Below is my effort to provide an alternative argument for the Sylvester-Schur theorem that is simpler than that of Paul Erdős.

Please let me know if I made mistakes or if a point is unclear.

The argument uses the following lemma:

**lemma**: For integers $ n ge $ 9 and $ x ge 2n $::

$$ {x select n}> dfrac {x!} {(x – pi (n))!} $$

(1) For $ n ge 8 $It's easy to show that:

$$ n> ( ln n) ^ 2 $$

Note: You can find details here $ n> ( ln n) ^ 2 $

(2) For $ n ge $ 9, it follows $ (2 ln n)> 4.25506 $ and since $ n> ln n $::

$$ 2n ln (n) – left ( dfrac {n + 2} {n + 1} right) ln n – 1.25506n> 4.25506n – left ( dfrac {n + 2} {n + 1} right) ln n – 1.25506n> n $$

(3) $ 2n ln n – left ( dfrac {n + 2} {n + 1} right) ln n – 1.25506n> ( ln n) ^ 2 $

(4) $ (2n-1) – dfrac {1.25506n} { ln n}> ln n + dfrac {1} {n + 1} $

(5) Multiply $ n + 1 $ on both sides

$$ (n + 1) left ((2n-1) – dfrac {1.25506n} { ln n} right)> (n + 1) ln n + 1 $$

(6) Multiply $ ln n $ on both sides:

$$ (n + 1) ((n-1) ln n – 1.25506n)> ( ln n) ((n + 1) ln n -n + 1) $$

(7) $ n + 1> left ( dfrac { ln n} {(n-1) ln n – 1.25506n} right) left ((n + 1) ln n – (n-1) ln e right) $

(8th) $ sqrt (n – 1 – frac {1.25506n} { ln n}) { left (2n – dfrac {1.25506n} { ln n} right) left (2n-1 – dfrac { 1.25506n} { ln n} right) points (n + 1)}> (n + 1)> sqrt (n – 1 – frac {1.25506n} { ln n}) { dfrac {n ^ {n + 1}} {e ^ {n-1}}} $

(9) Since $ n! le dfrac {n ^ {n + 1}} {e ^ {n-1}} $, it follows:

$$ sqrt (n – 1 – frac {1.25506n} { ln n}) { left (2n – dfrac {1.25506n} { ln n} right) left (2n-1 – dfrac {1.25506n} { ln n} right) points (n + 1)}> (n + 1)> sqrt (n – 1 – frac {1.25506n} { ln n}) {n!} $$

Note: See sentence here for the argument that $ n! le dfrac {n ^ {n + 1}} {e ^ {n-1}} $.

(10) Since $ x ge 2n $::

$$ left (x – dfrac {1.25506n} { ln n} right) left (x-1 – dfrac {1.25506n} { ln n} right) dots (xn + 1) ge left (2n – dfrac {1.25506n} { ln n} right) left (2n-1 – dfrac {1.25506n} { ln n} right) dots (n + 1)> n ! $$

(11) As for $ n> 1 $, $ pi (n) < dfrac {1.25506n} { ln n}: $

$$ (x- pi (n)) (x-1- pi (n)) points (n + 1)> n! $$

Note: See 3.6, Sentence 2, Corollary 1, by Rosser & Schoenfeld, 1962

(12) $ dfrac {(x) (x-1) points (x-n + 1)} {n!}> (x) (x-1) points (x- pi (n) +1) $

(13) It follows:

$$ {x choose n}> frac {x!} {(x – pi (n))!} $$

**sentence**: For integers $ n ge 9, x ge 2n $there is a prime number $ p> n $ so that $ p | dfrac {x!} {(x-n)!} $

(1) Leave $ x, n $ be integers so that $ n ge $ 9 and $ x ge 2n $.
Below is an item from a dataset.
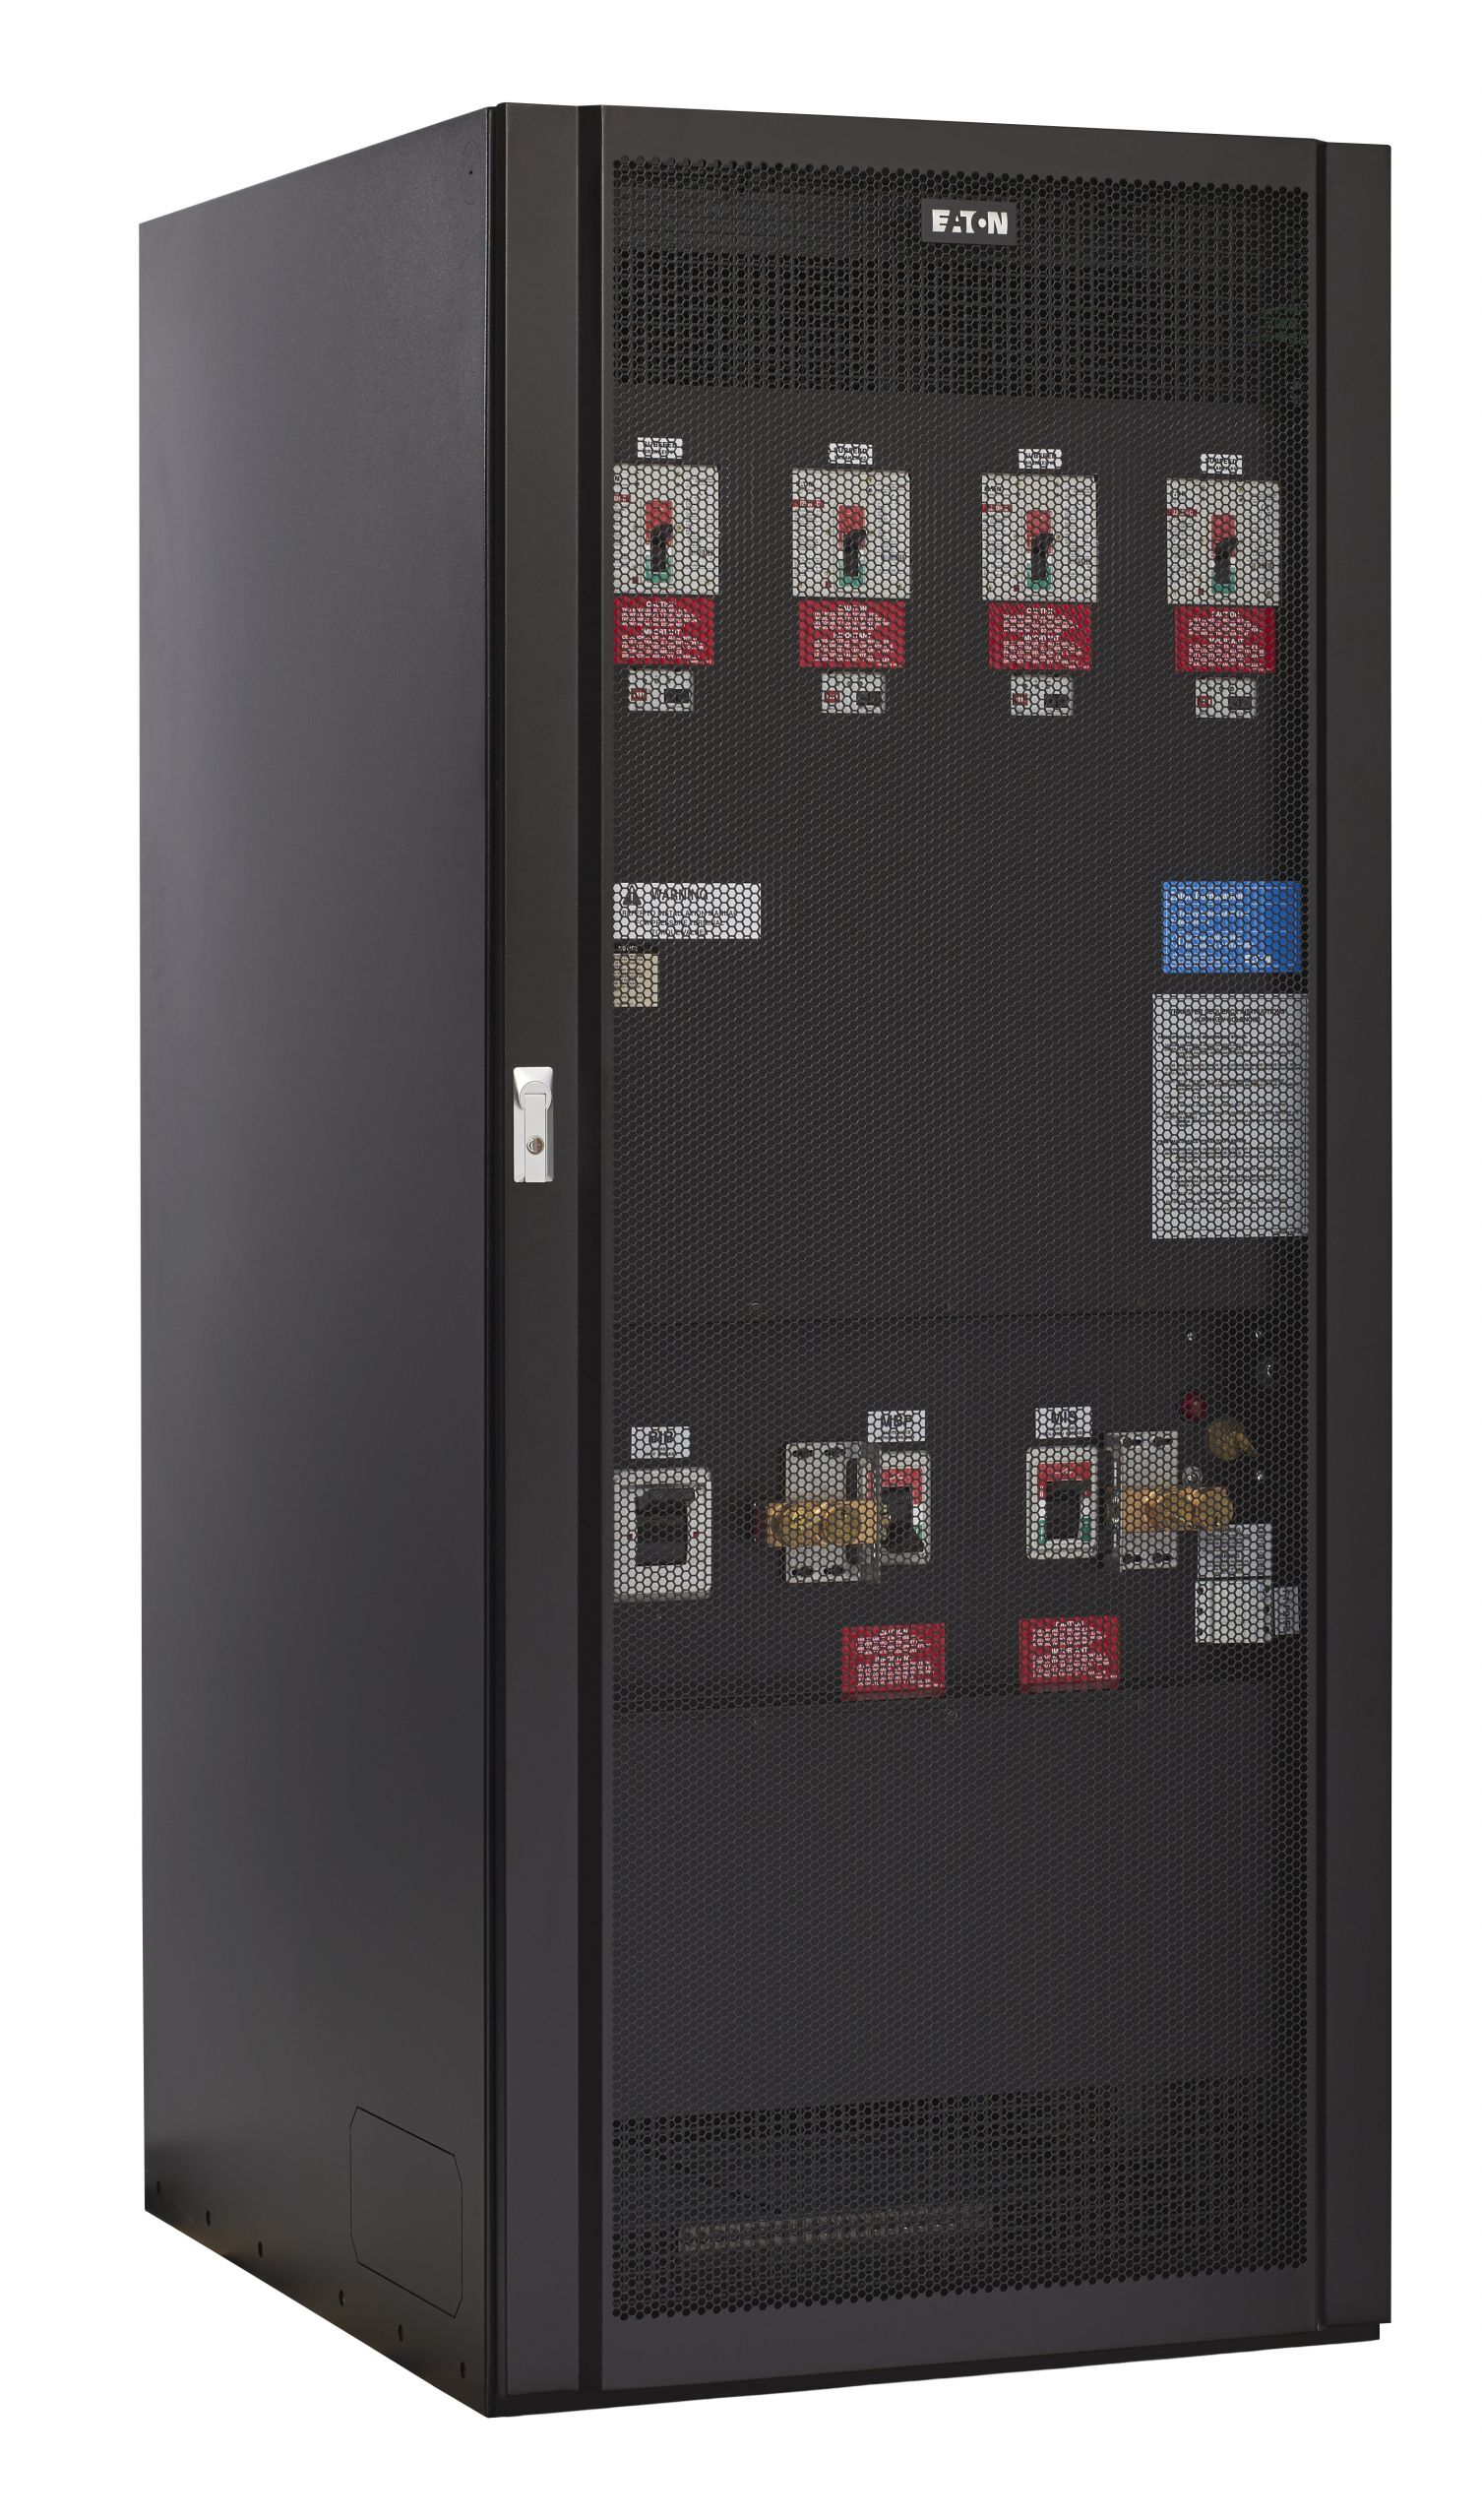 Eaton 93pm Ups Wiring Diagram Eaton 93pm Ups Lithium Ion Uninterruptible Power Supply
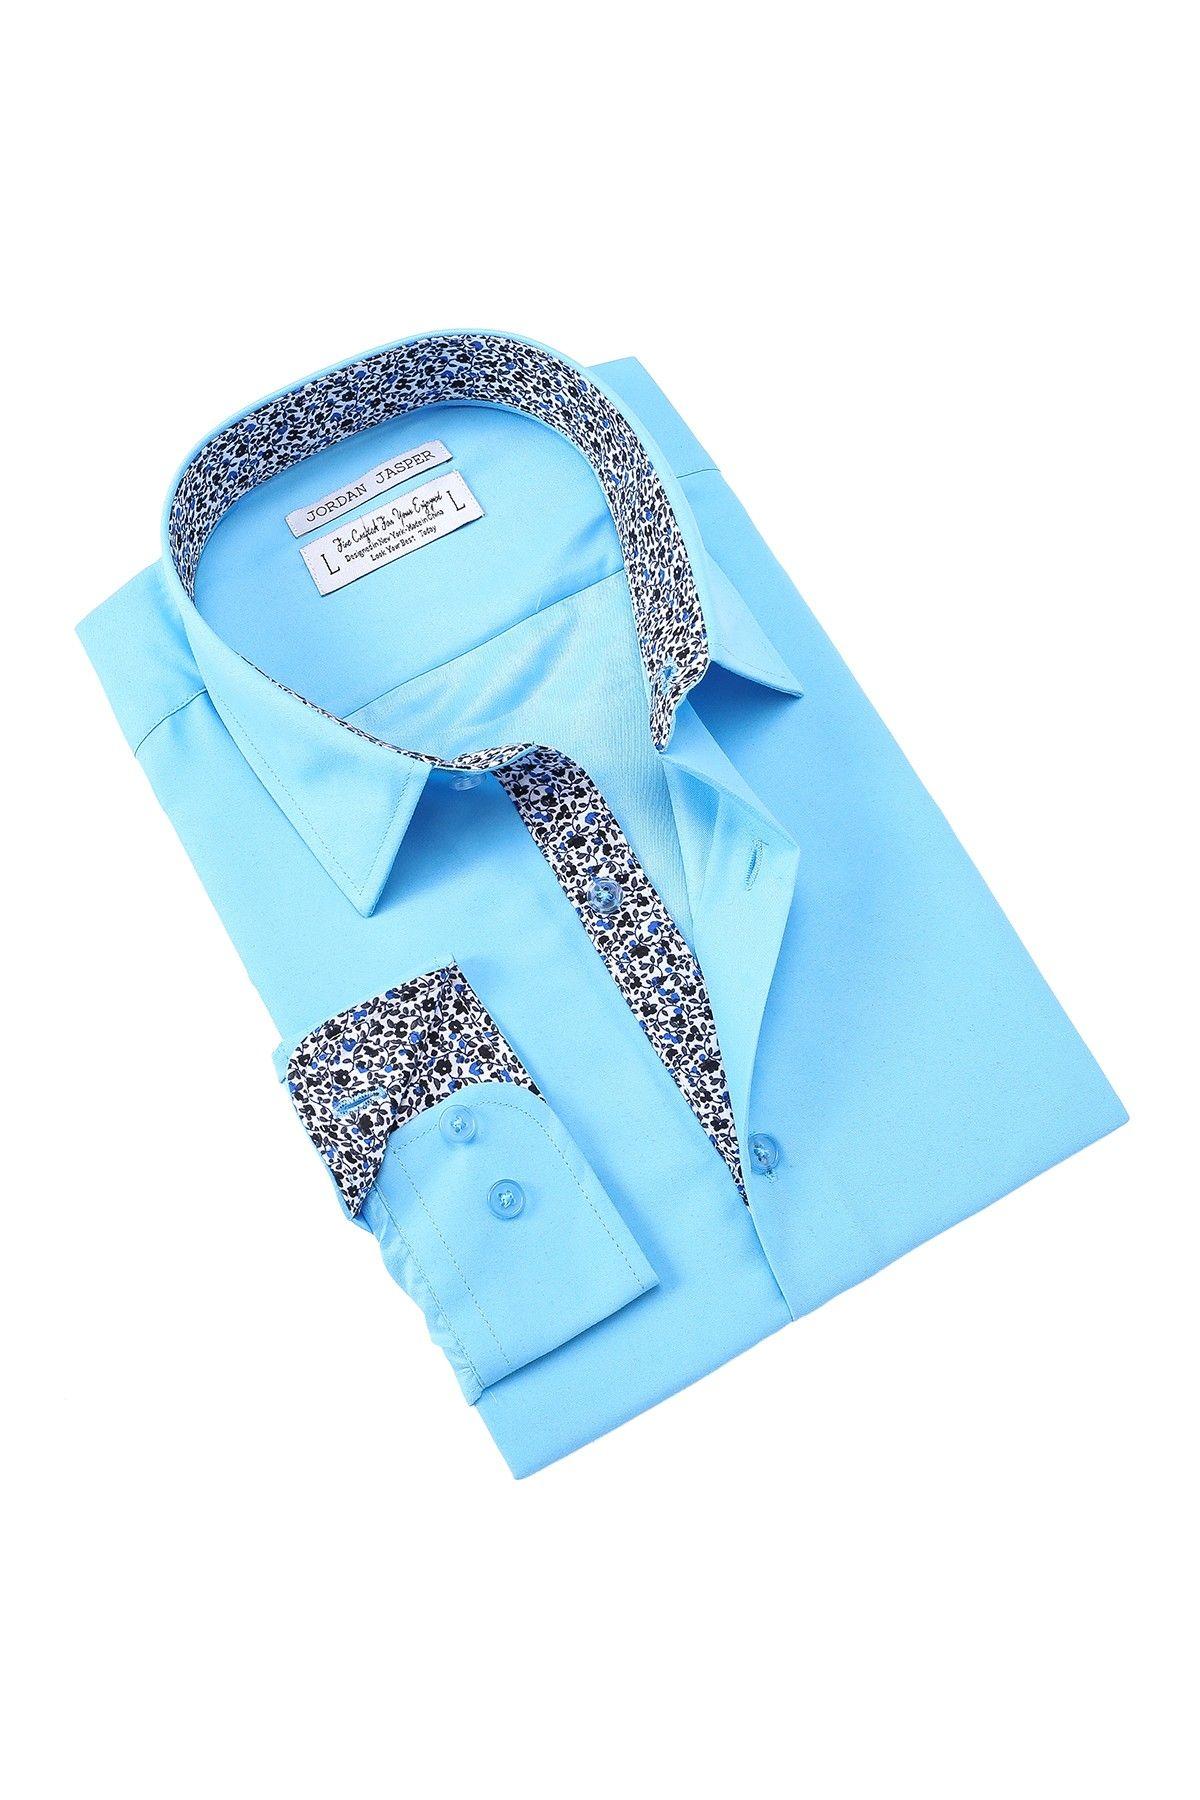 18e03c4d324c04 Jordan Jasper Novart Slim Fit Shirt

(2) Suppose there is no prime number greater than $ n $ that divides $ dfrac {x!} {(x-n)!} $

(3) Leave $ text {lcm} (x-n + 1, x-n + 2, dots, x) $ be their least common multiple.

(4) It can be shown that:

$$ text {lcm} (x-n + 1, x-n + 2, dots, x) ge {x choose n} $$

Note: The argument for this can be found here

(5) From the assumption in (2) it follows:

$$ text {lcm} (x-n + 1, x-n + 2, dots, x) < dfrac {x!} {(x – pi (n))!} $$

Note: where $ pi (n) $ is the prime count function.

(6) But then we have a contradiction since e.g. $ n ge 9, x ge 2n $follows from the lemma:

$$ {x select n}> dfrac {x!} {(x – pi (n))!} $$

Feel free to let me know if a point is unclear or if there is a better way to make the same argument.